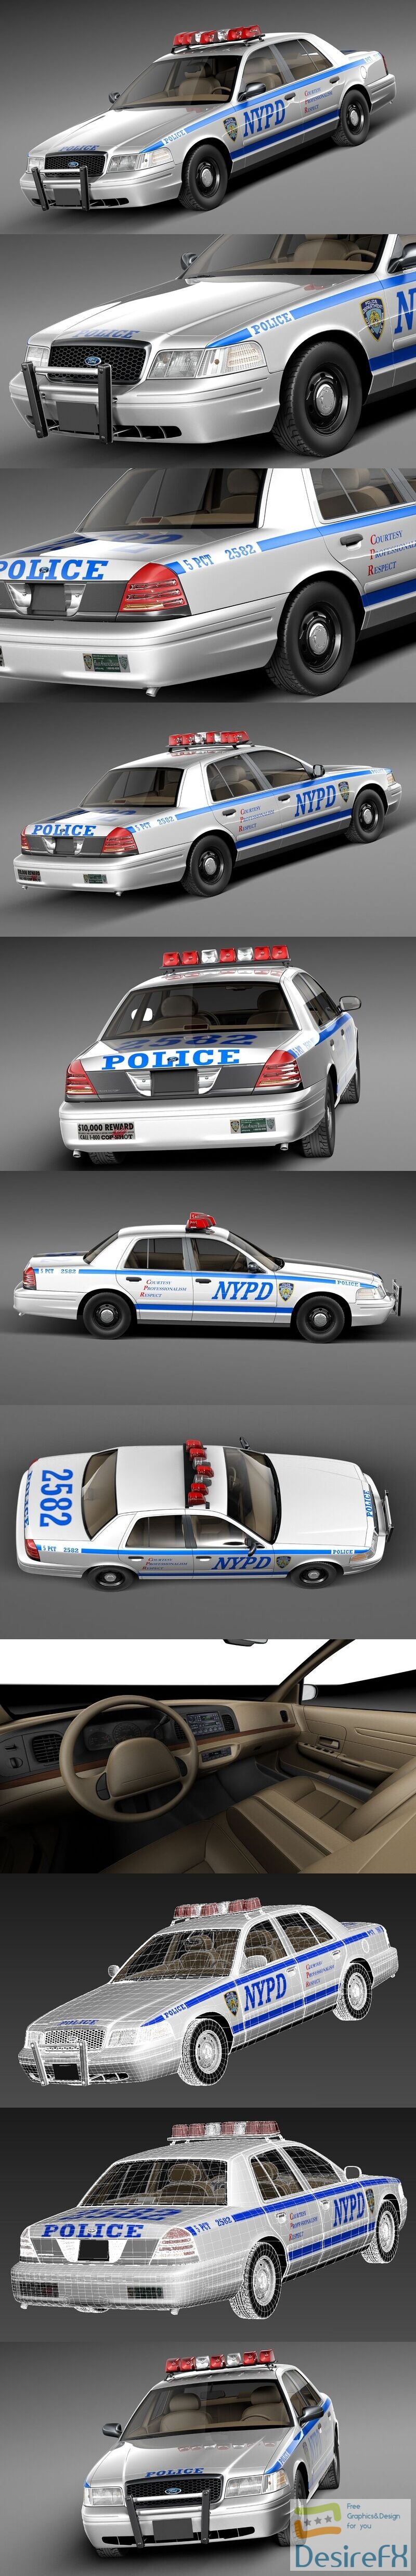 Ford Crown Victoria Police Car 1998-2011 3D Model
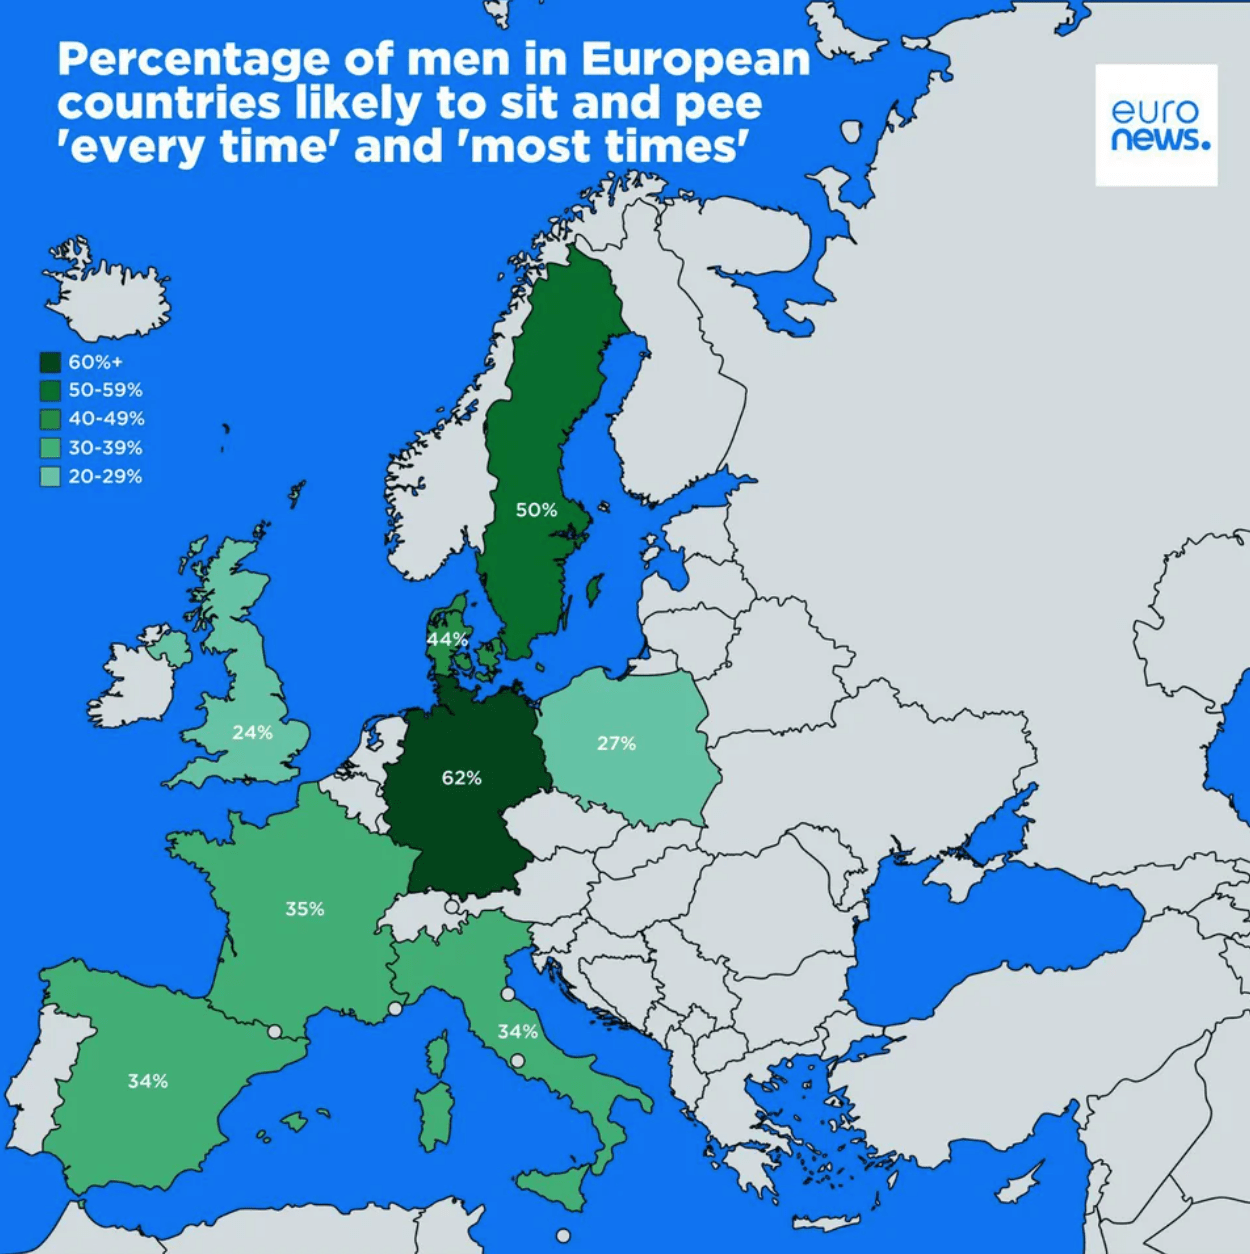 a map of europe showing percentage of men in european countries likely to sit and pee.
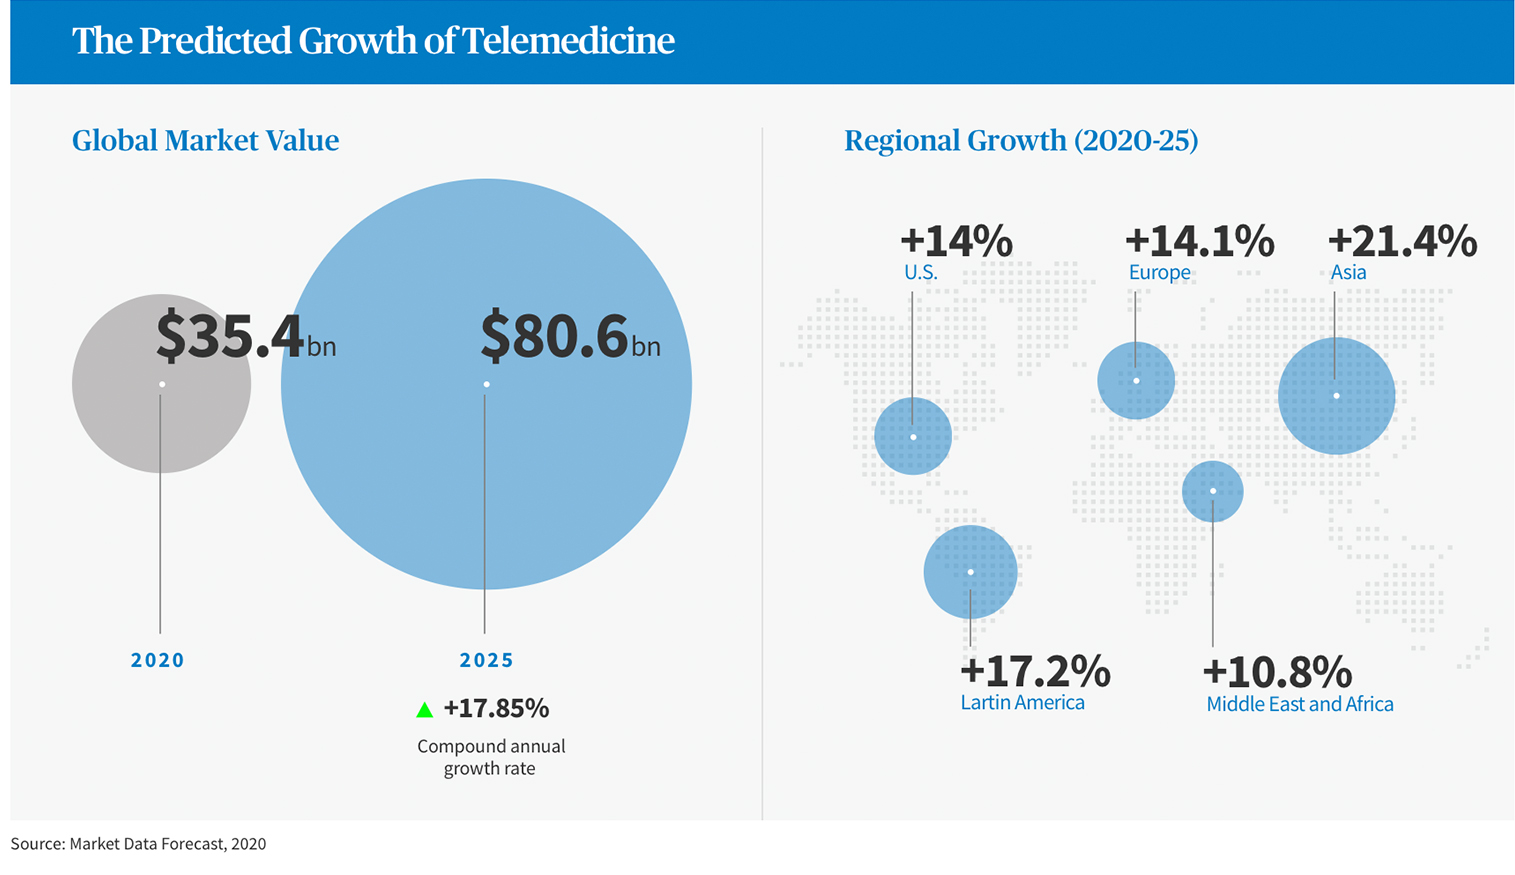 The predicted growth of Telemedicine

===============

Transcribe, please, the lines from the one holding "a map of europe" to the final line of the material, both included, exactly and with no extra lines, and skip the pictures.

 a map of europe showing percentage of men in european countries likely to sit and pee.
 The predicted growth of Telemedicine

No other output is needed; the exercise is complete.